__Given material__:
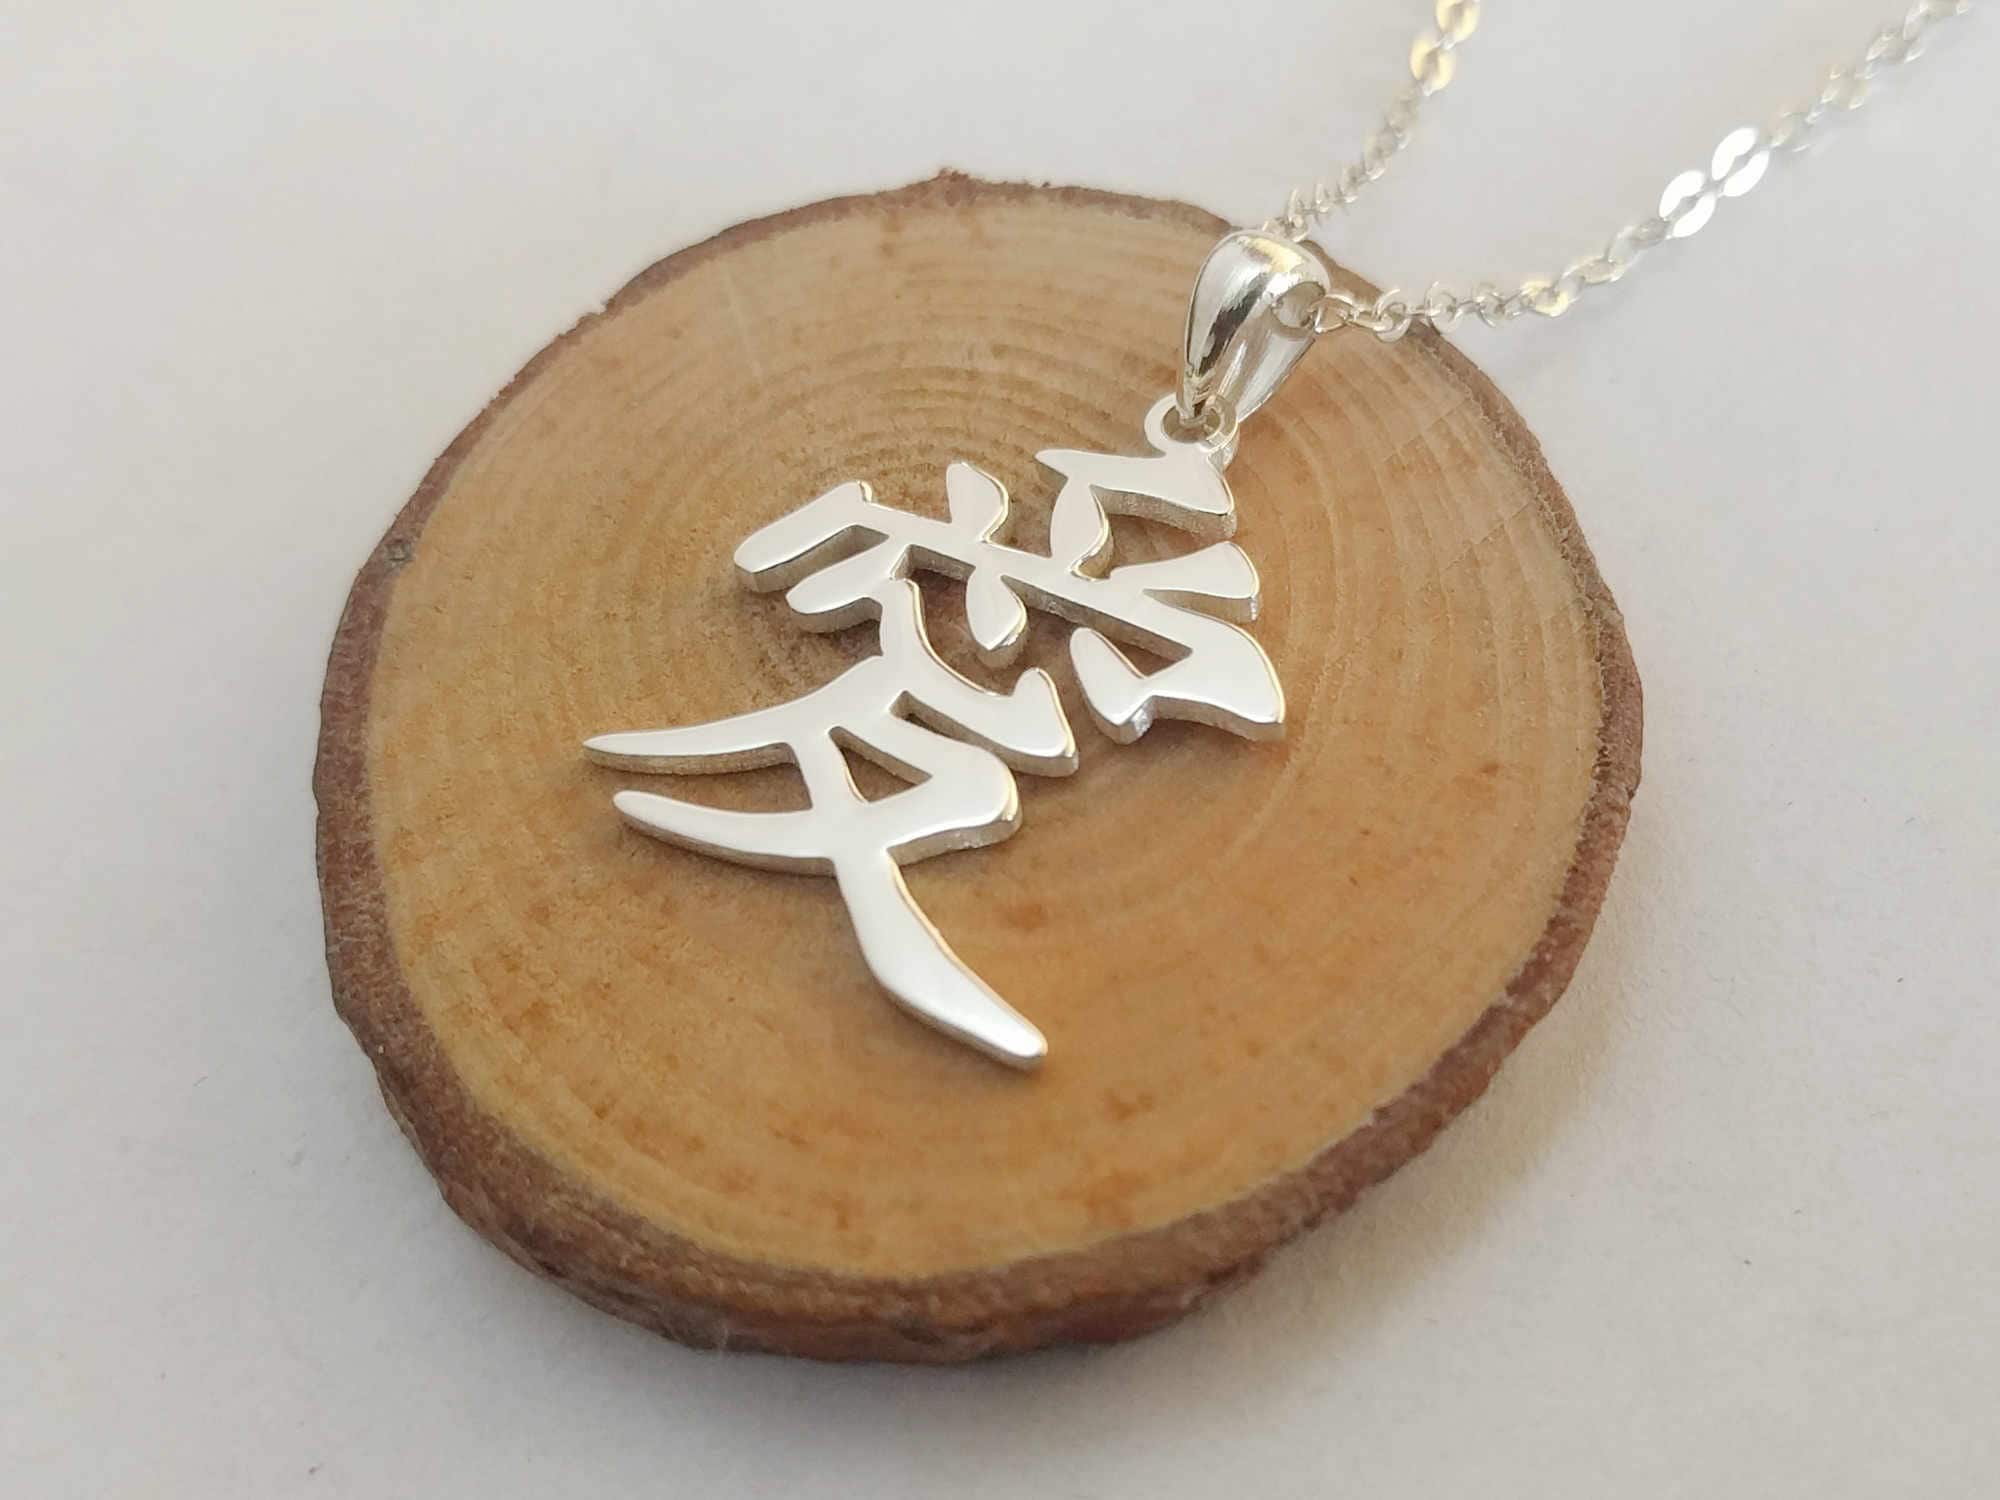 Pretty Chinese symbol necklace ? Jade heart shaped pendant | eBay
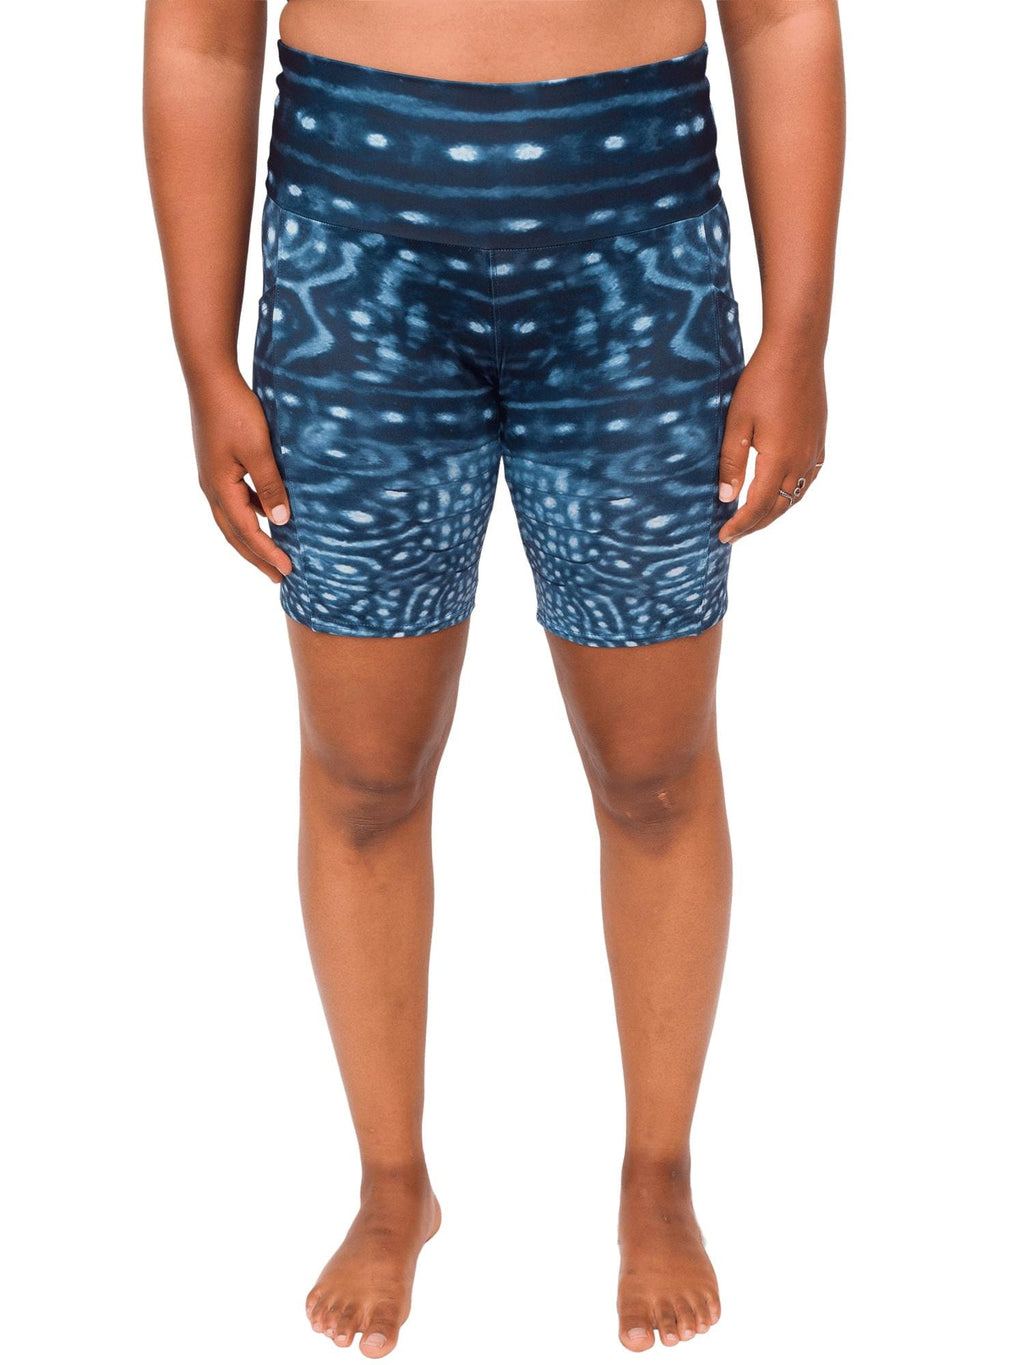 Waterlust whale shark printed biker shorts - side view
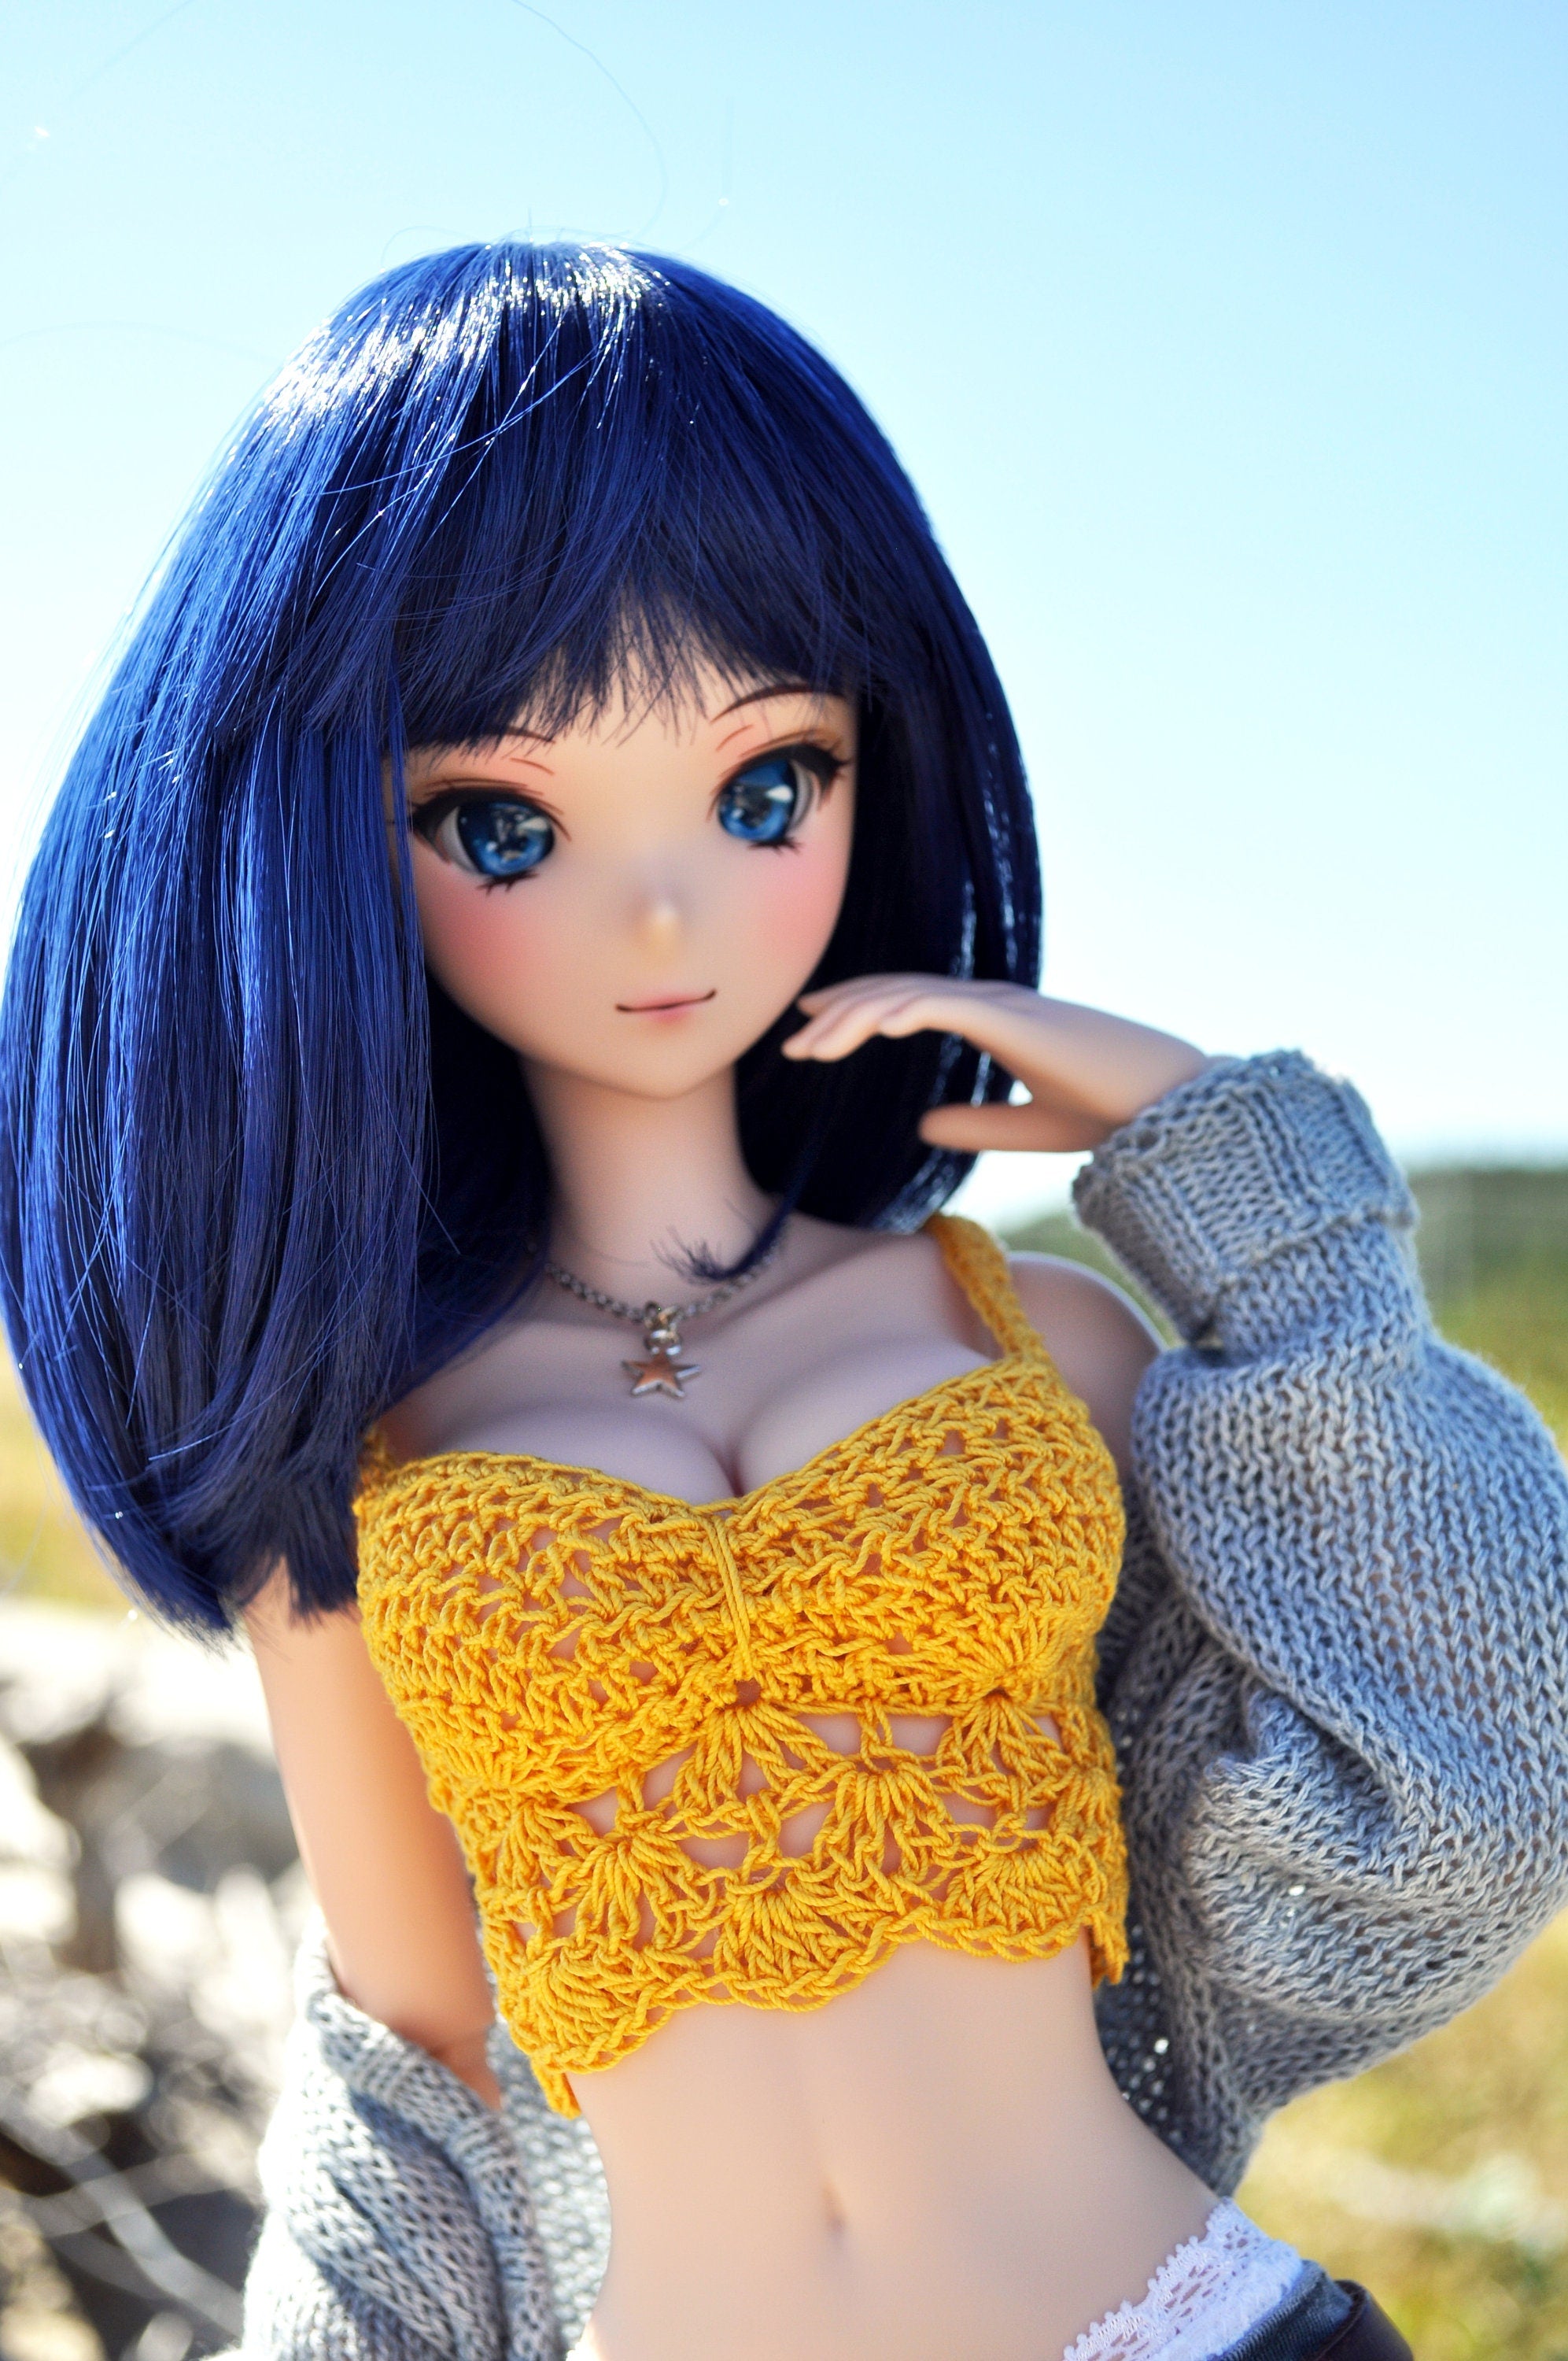 Custom doll WIG for Smart Dolls- Heat Safe - Tangle Resistant- 8.5" head size of Bjd, SD, Dollfie Dream dolls Blue
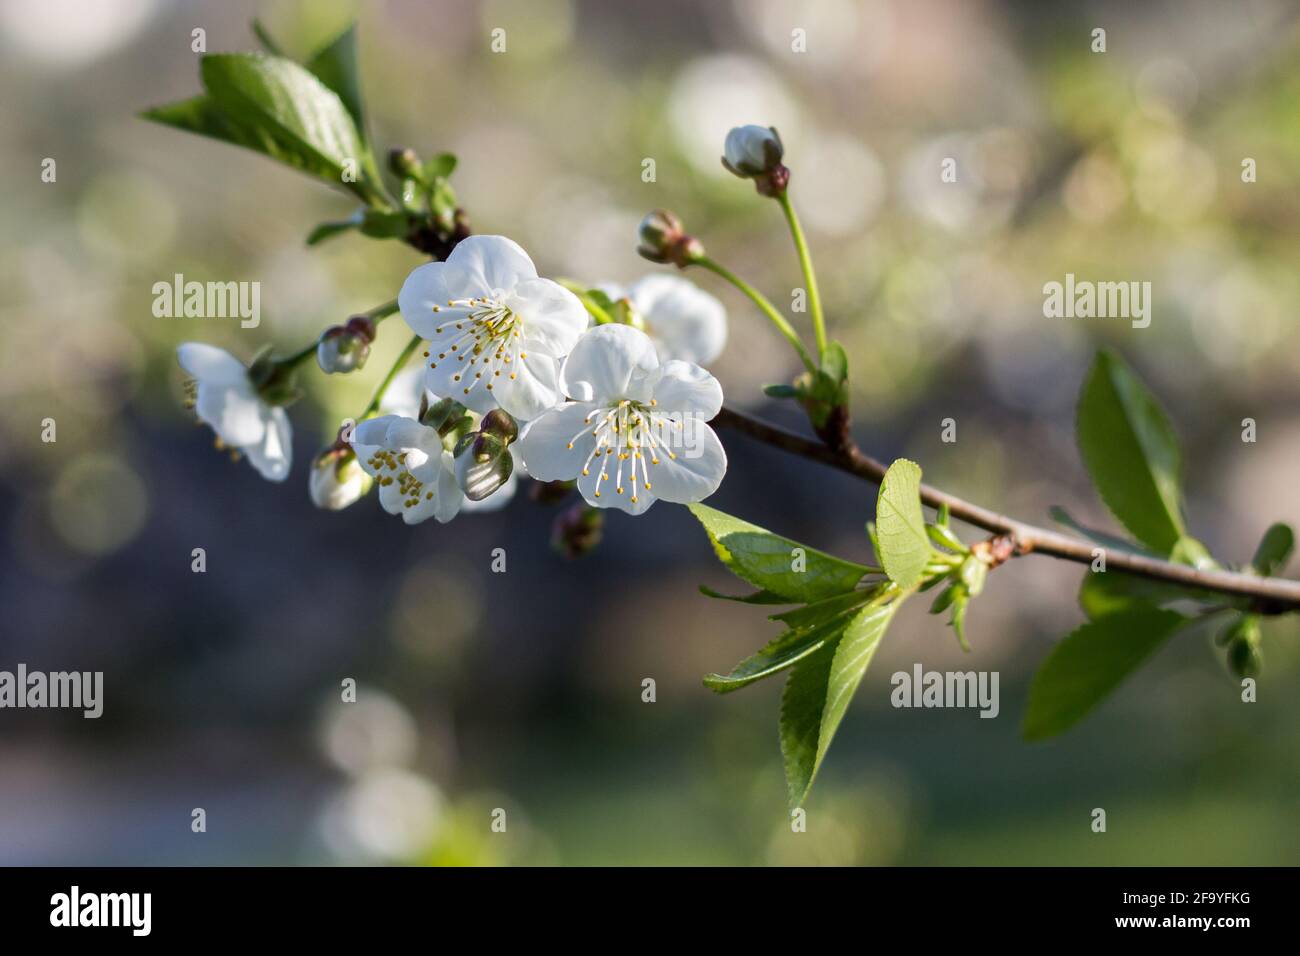 Blooming black cherry tree in the garden. Stock Photo

__Problem details__: Set down the data above word for word, leaving every picture out.

__Task response__:
 Pretty Chinese symbol necklace ? Jade heart shaped pendant | eBay
 Waterlust whale shark printed biker shorts - side view
 Custom doll WIG for Smart Dolls- Heat Safe - Tangle Resistant- 8.5" head size of Bjd, SD, Dollfie Dream dolls Blue
 Blooming black cherry tree in the garden. Stock Photo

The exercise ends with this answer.